Normally, R is an interpreted language.

But beginning in R 2.13.0, R has included a byte code compiler to speed up computations. As an example, let’s consider the vector of squares function that we used above:

> naive.vector.of.squares
function(n) {
  v <- 1:n
  for (i in 1:n)
    v[i] <- v[i]^2
}
> system.time(naive.vector.of.squares(1000000))
   user  system elapsed
  3.025   0.016   3.036

Now we’ll use the cmpfun function to create a compiled version of this function and then test its performance.

> library(compiler)
> compiled.naive.vector.of.squares <- cmpfun(naive.vector.of.squares)
> system.time(compiled.naive.vector.of.squares(1000000))
   user  system elapsed
  0.637   0.005   0.636

As you can see, the compiled version of this function runs much faster. Of course, it still runs more slowly than the vector operation:

> system.time(better.vector.of.squares(1000000))
   user  system elapsed
  0.008   0.000   0.008

And compiling the vector operation does not make a huge difference:

> better.vector.of.squares.compiled <- cmpfun(better.vector.of.squares)
> system.time(better.vector.of.squares.compiled(1000000))
   user  system elapsed
  0.007   0.000   0.007

But that doesn’t mean you shouldn’t try the compiler for your problem. It’s one of the simplest tricks for speeding up your code. (It’s even easier than ordering a new, faster server. And it’s cheaper.)

On some platforms (like Mac OS X), R is compiled with high-quality math libraries. However, the default libraries on other platforms (like Windows) can be sluggish. If you’re working with large data sets or complicated mathematical operations, you might find it worthwhile to build an optimized version of R with better math libraries.

Revolution Computing is a software company that makes a high-performance version of R. It offers both free and commercial versions, including a 64-bit build of R for Windows. For the latest version, check out its website: http://www.revolution-computing.com/.

Revolution R looks a lot like the standard R binaries (although a little outdated; at the time I was writing this book, Revolution was shipping Revolution R 1.3.0 included R 2.7.2, while the current version from CRAN was 2.10.0). The key difference is the addition of improved math libraries. These are multithreaded and can take advantage of multiple cores when available. There are two helper functions included with Revolution R that can help you set and check the number of cores in use. To check the number of cores, use:

getMKLthreads()

Revolution R guesses the number of threads to use, but you can change the number yourself if it guesses wrong (or if you want to experiment). To set the number of cores explicitly, use:

setMKLthreads(n)

The help file suggests not setting the number of threads higher than the number of available cores.

Building your own R can be useful if you want to compile it to run more efficiently. For example, you can compile a 64-bit version of R if you want to work with data sets that require much more than 4 GB of memory. This section explains how to build R yourself.
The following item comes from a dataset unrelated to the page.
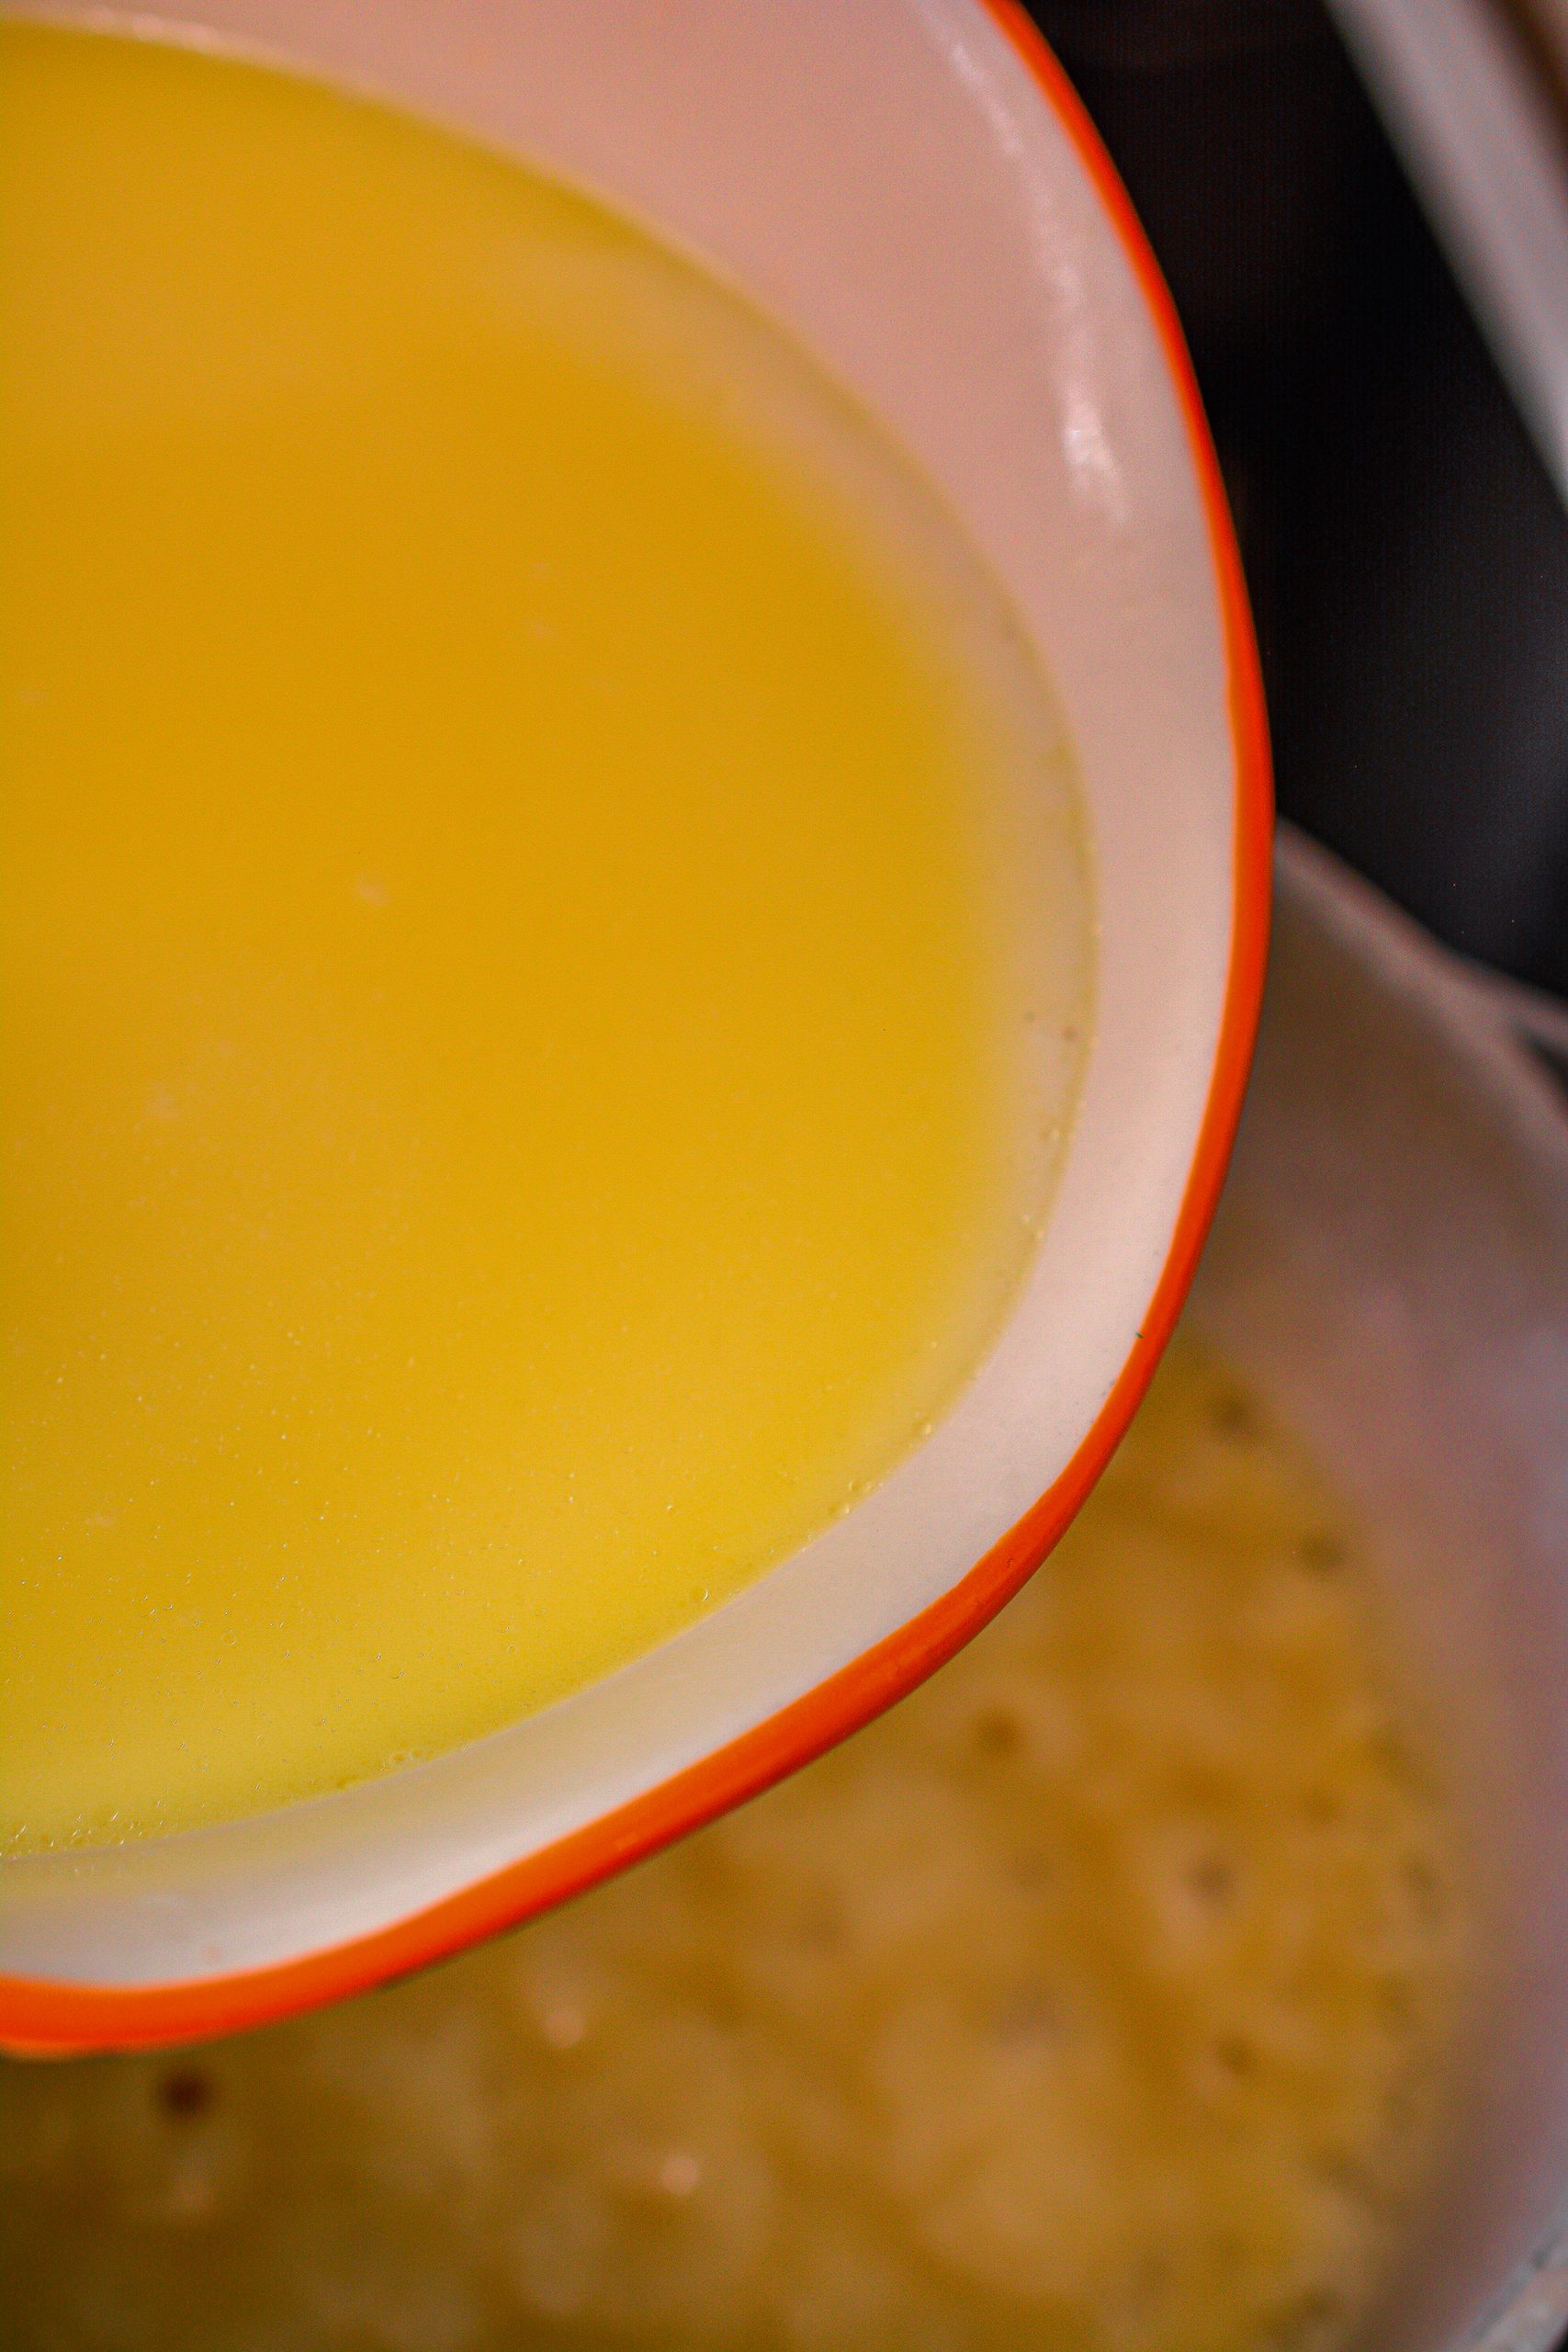 Mix together the milk and reserved cooking liquid. Slowly whisk it into the saucepan.

The easiest way to build your own R binaries on Microsoft Windows is to use the Rtools software. The R compilation process is very sensitive to the tools that you use. So the Rtools software bundles together a set of tools that are known to work correctly with R. Even if you plan to use your own compiler, math libraries, or other components, you should probably start with the standard toolkit and incrementally modify it. That will help you isolate problems in the build process.

Here is how to successfully build your own R binaries (and installer!) on Microsoft Windows:

  1. Download the R source code from http://cran.r-project.org/src/base/.
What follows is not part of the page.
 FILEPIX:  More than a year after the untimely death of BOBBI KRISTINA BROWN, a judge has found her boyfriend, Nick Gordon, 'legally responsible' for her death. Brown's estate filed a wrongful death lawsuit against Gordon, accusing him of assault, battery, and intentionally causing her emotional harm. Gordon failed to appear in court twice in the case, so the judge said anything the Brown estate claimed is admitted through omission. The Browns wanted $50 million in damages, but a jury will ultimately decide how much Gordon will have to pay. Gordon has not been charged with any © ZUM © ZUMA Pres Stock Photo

  2. Download the “Rtools” software from http://www.murdoch-sutherland.com/Rtools/.

  3. Run the Rtools installer application. Follow the directions to install Rtools. You can select most default options, but I do not suggest installing all components at this stage. (The “Extras to build R” needs to be installed in the source code directory to be useful. However, we don’t install those until steps 4 and 5. Unfortunately, you need other tools from the RTools software in order to execute steps 4 and 5, so we can’t change the order of the steps to avoid running the installer twice.) As shown in Figure 24-1, you should select everything except “Extras to build R.” We’ll install that stuff later, so don’t throw out the tools installer yet. Also, if you use Cygwin, be sure to read the notes about conflicts with Cygwin DLLs (dynamic-link libraries). Be sure to select the option allowing Rtools to modify your PATH variable (or make sure to change it yourself).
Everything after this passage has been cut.